··· SUPPLIED MATERIAL ···
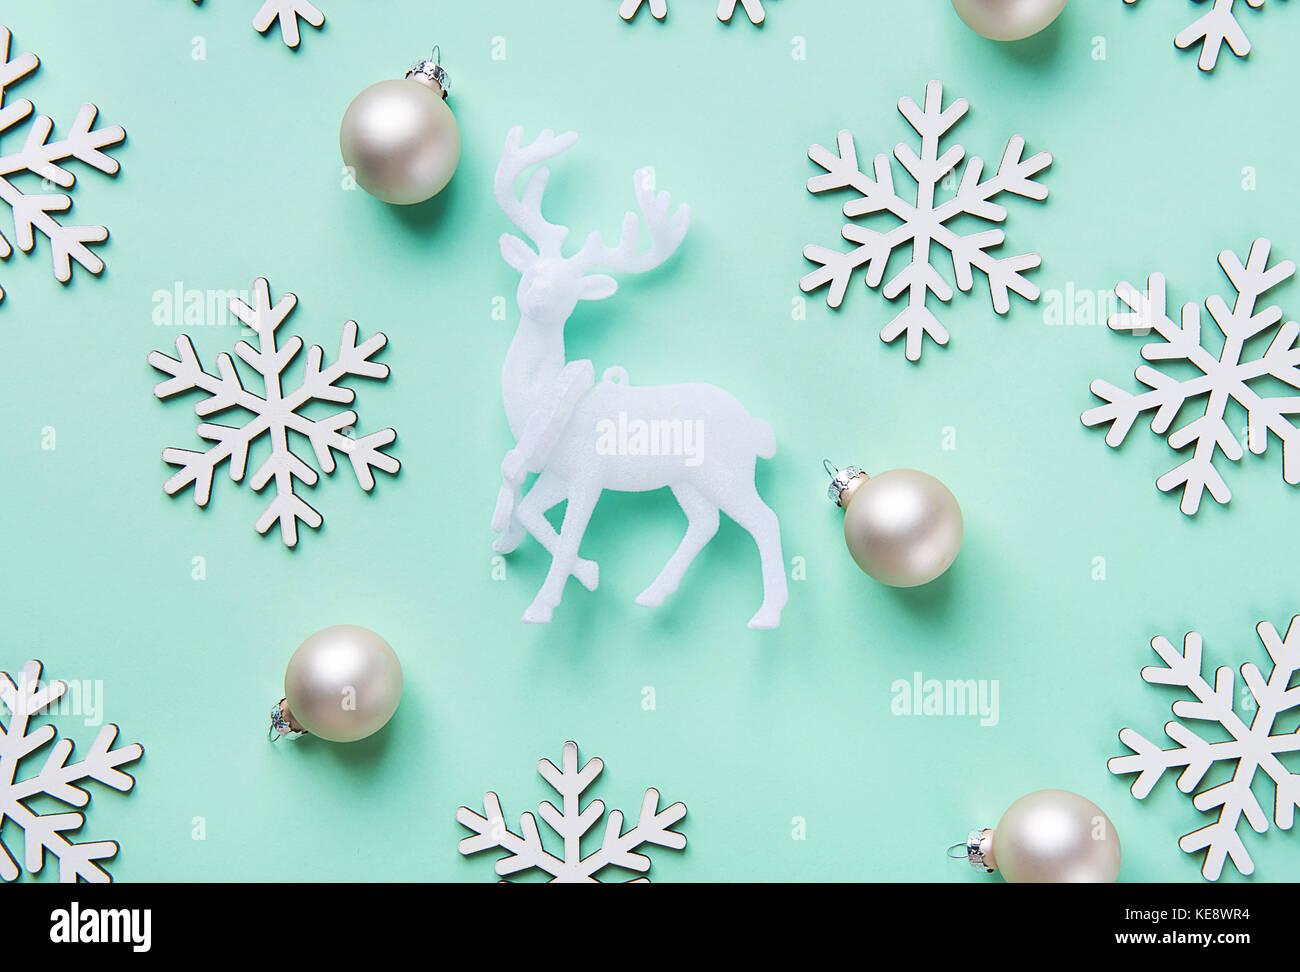 Elegante Weihnachten Neujahr Grußkarte Plakat weiße Rentier Schneeflocken Kugeln Muster auf türkis Stockbild
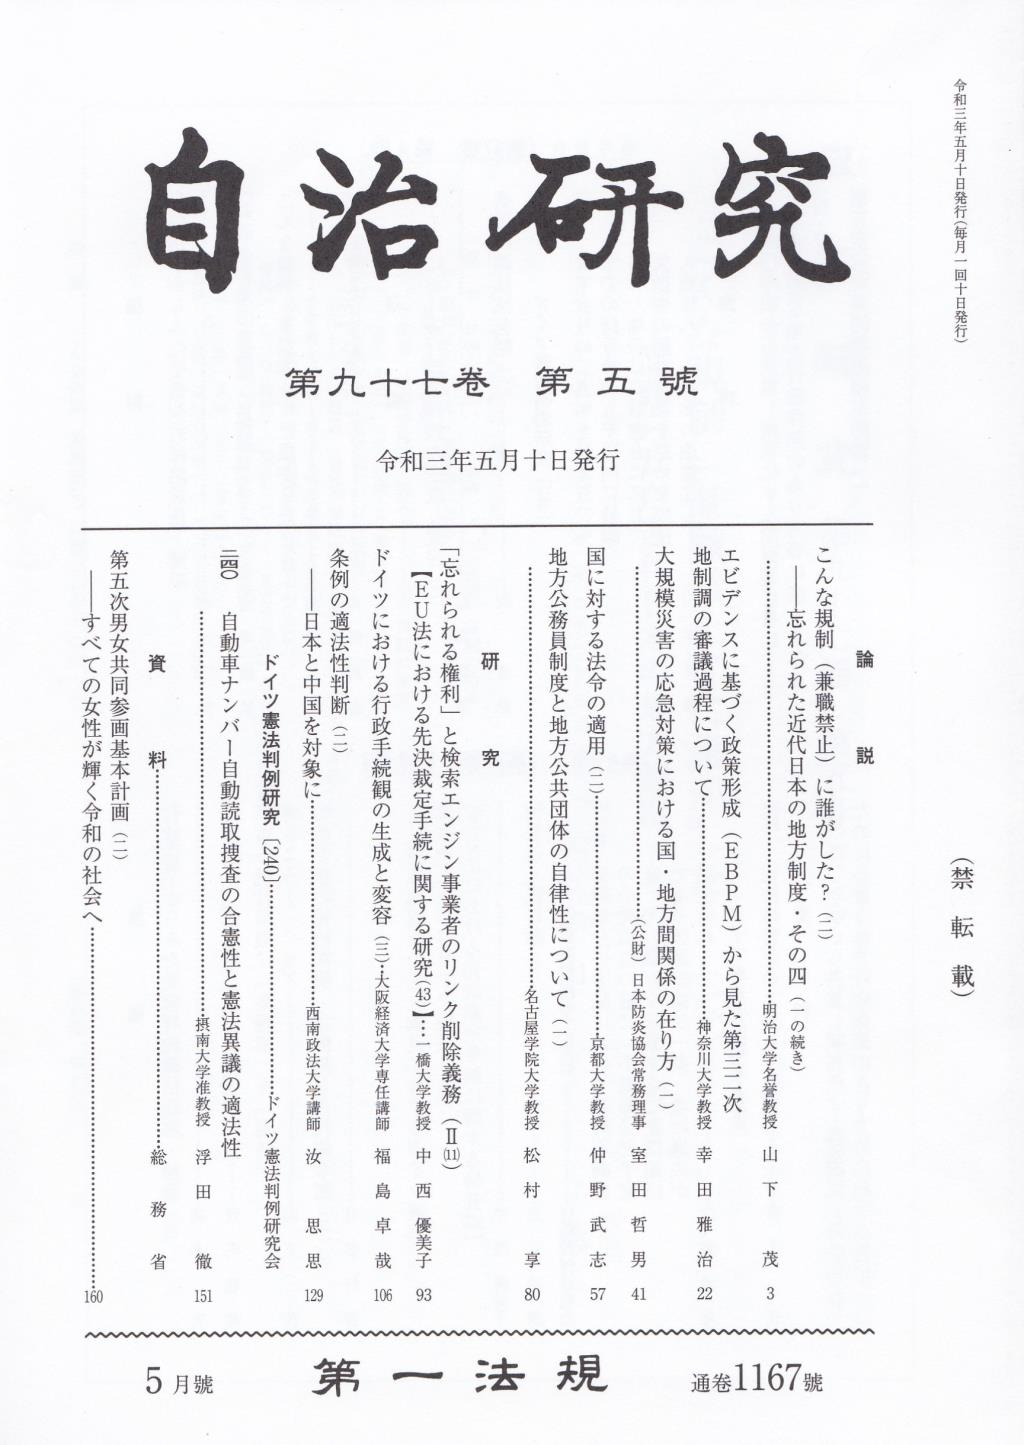 自治研究 第97巻 第5号 通巻1167号 令和3年5月号
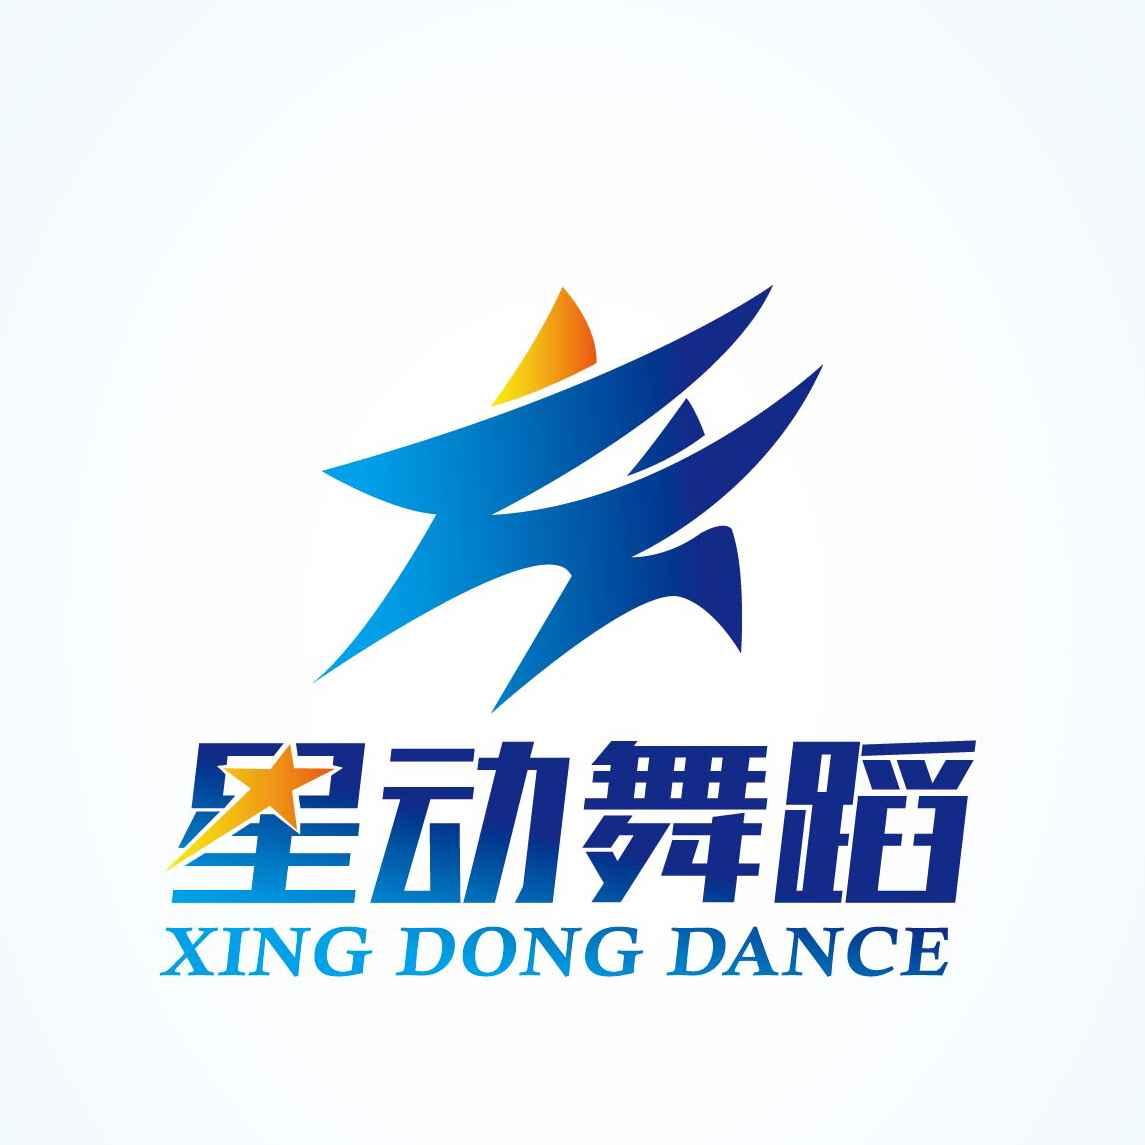 睢宁星动街舞艺术学校
···
▸ WORK TO COMPLETE:
Aside from the pictures, repeat the listing exactly.

▸ WRITTEN RESPONSE:
 Elegante Weihnachten Neujahr Grußkarte Plakat weiße Rentier Schneeflocken Kugeln Muster auf türkis Stockbild
 自治研究 第97巻 第5号 通巻1167号 令和3年5月号
 睢宁星动街舞艺术学校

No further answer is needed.